Tonight, in the month of gratitude, I feel deeply thankful for Coach Christine.  I might have been a curious person all along, but it was not until I got a life coach that I learned the vast and profound value of curiosity in every realm.  As I wrote earlier this month, standing always in curiosity liberates my mind.  It relieves me of unnecessary urgency for an answer.  I can exercise professional creativity in forming better and better questions, and the answers (often multiple, intertwined, and intriguing) emerge more easily and artfully than if I chase them demandingly.

The business of medicine is to solve problems, to heal, to cure.  So we assume that the faster we get to answers, the better.  And they had better be the right ones, because lives are at stake here!  It’s always interesting to me when patients talk about my work as ‘saving lives.’  I can’t remember a time when I could actually make that claim, at least at all directly.  But to my colleagues—emergency medicine and critical care docs, trauma surgeons, suicide hotline counselors—thank you, you really do save lives every day!

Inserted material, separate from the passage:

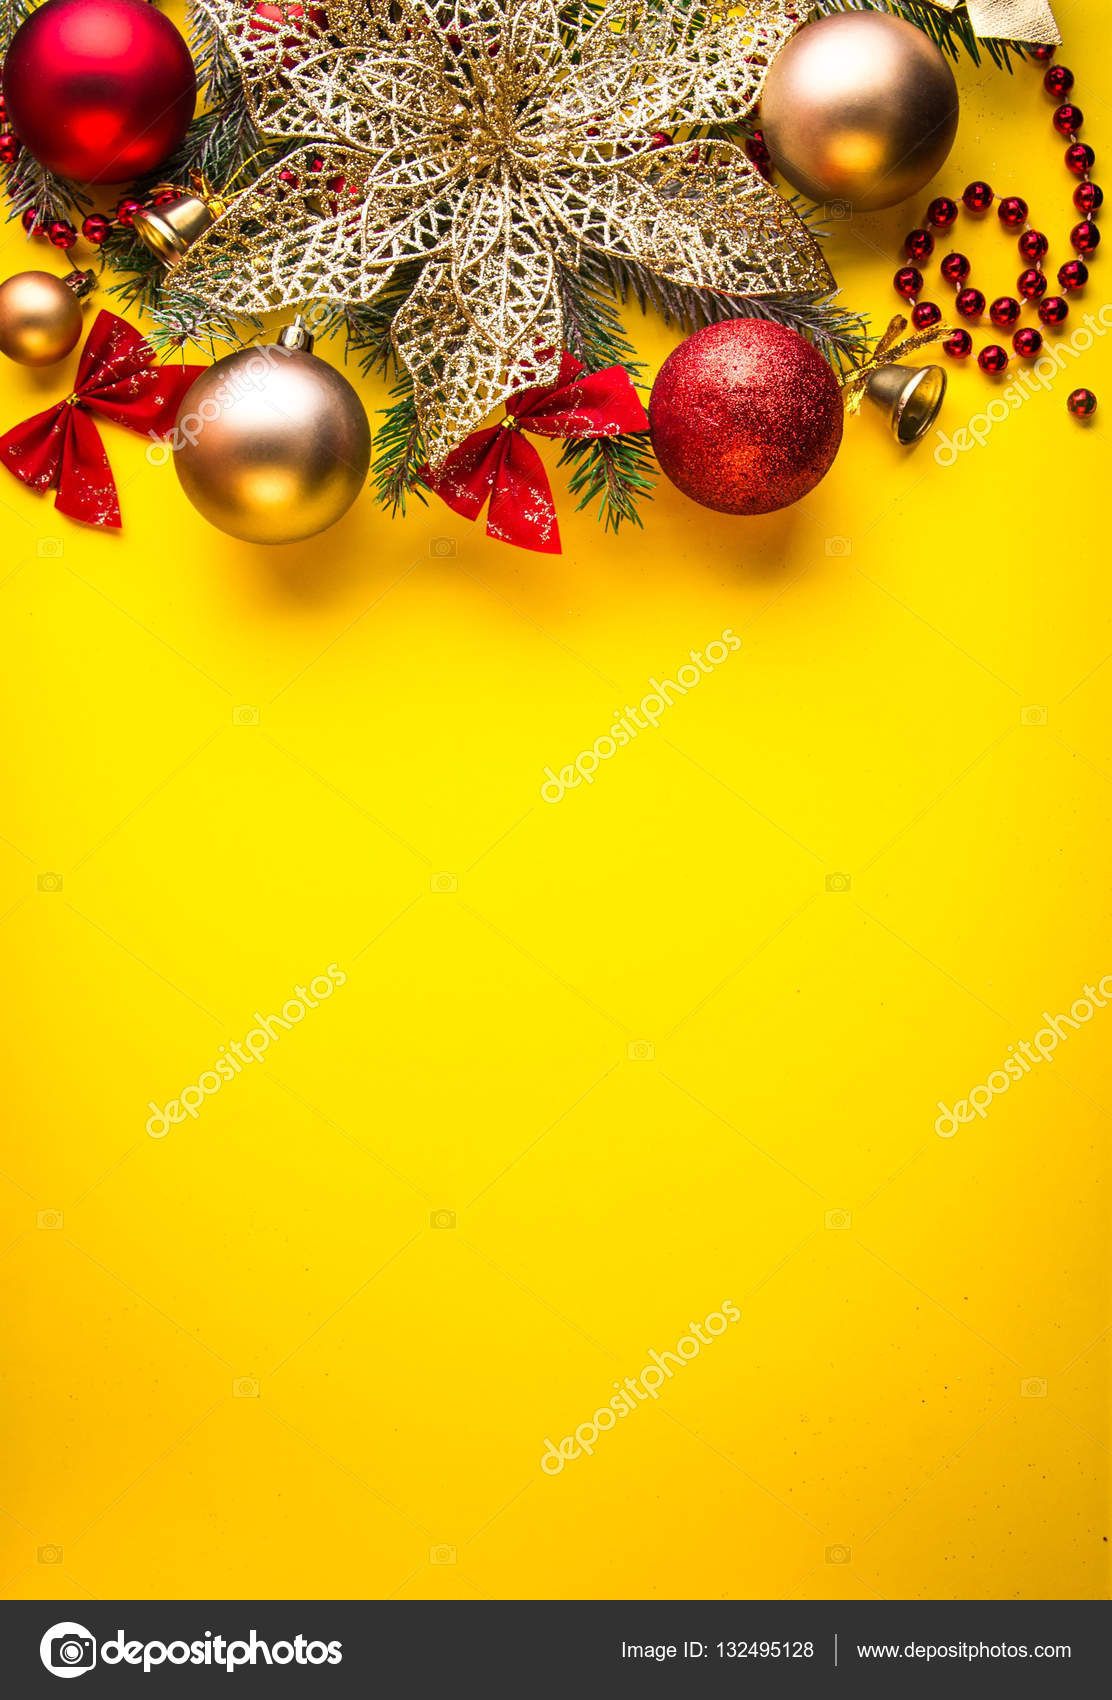 Sự đẹp tuyệt vời của màu vàng trong phong cách Giáng sinh đang chờ đón bạn. Hình nền Giáng sinh màu vàng sẽ mang đến cho bạn một cảm giác yêu đời và lạc quan. Hãy nhấn vào ảnh để khám phá nền trang trí Giáng sinh đẹp nhất mà bạn từng thấy.

I love primary care because I usually have the luxury of ‘(living) the question.’  When patients present with new problems, as soon as I know they are stable, I get really excited.  I’m liberated to get deeply curious, ask as many questions as they will tolerate, paint the big picture together.  I follow the standard physiologic and diagnostic process initially, which often yields a straight forward answer and plan of care.  But life and work would be pretty boring if that were always the case.  When the usual suspects are all acquitted and the mystery persists, that’s when things get fascinating.  This is when I really get to know a person.  When I ask truly open, honest questions—the questions I don’t know the answers to and that are not meant to lead anywhere—I never know where the conversation will go.  And I always learn something new and relevant, something that helps me connect.  This is the information that makes a person memorable, because it is truly unique to them.

One of my favorite moments in a patient encounter is when I have to pause a few seconds to form a really good question.  What do I really want to know, what am I after, what will really break open this conversation?  It happens regularly, and wow, what a rush.  OH, I just never know what I will learn!  You’d think people would get impatient and grumpy with such prolonged, sometimes meandering interrogation.  But I find that they often lean in, look me in the eye.  They get on the train with me and look as eagerly as I around the next bend.  What will we find?  Let’s explore together!

Relentless Curiosity.  It’s the funnest part of my work.  I love it.  And as we all know, loving our work makes us better.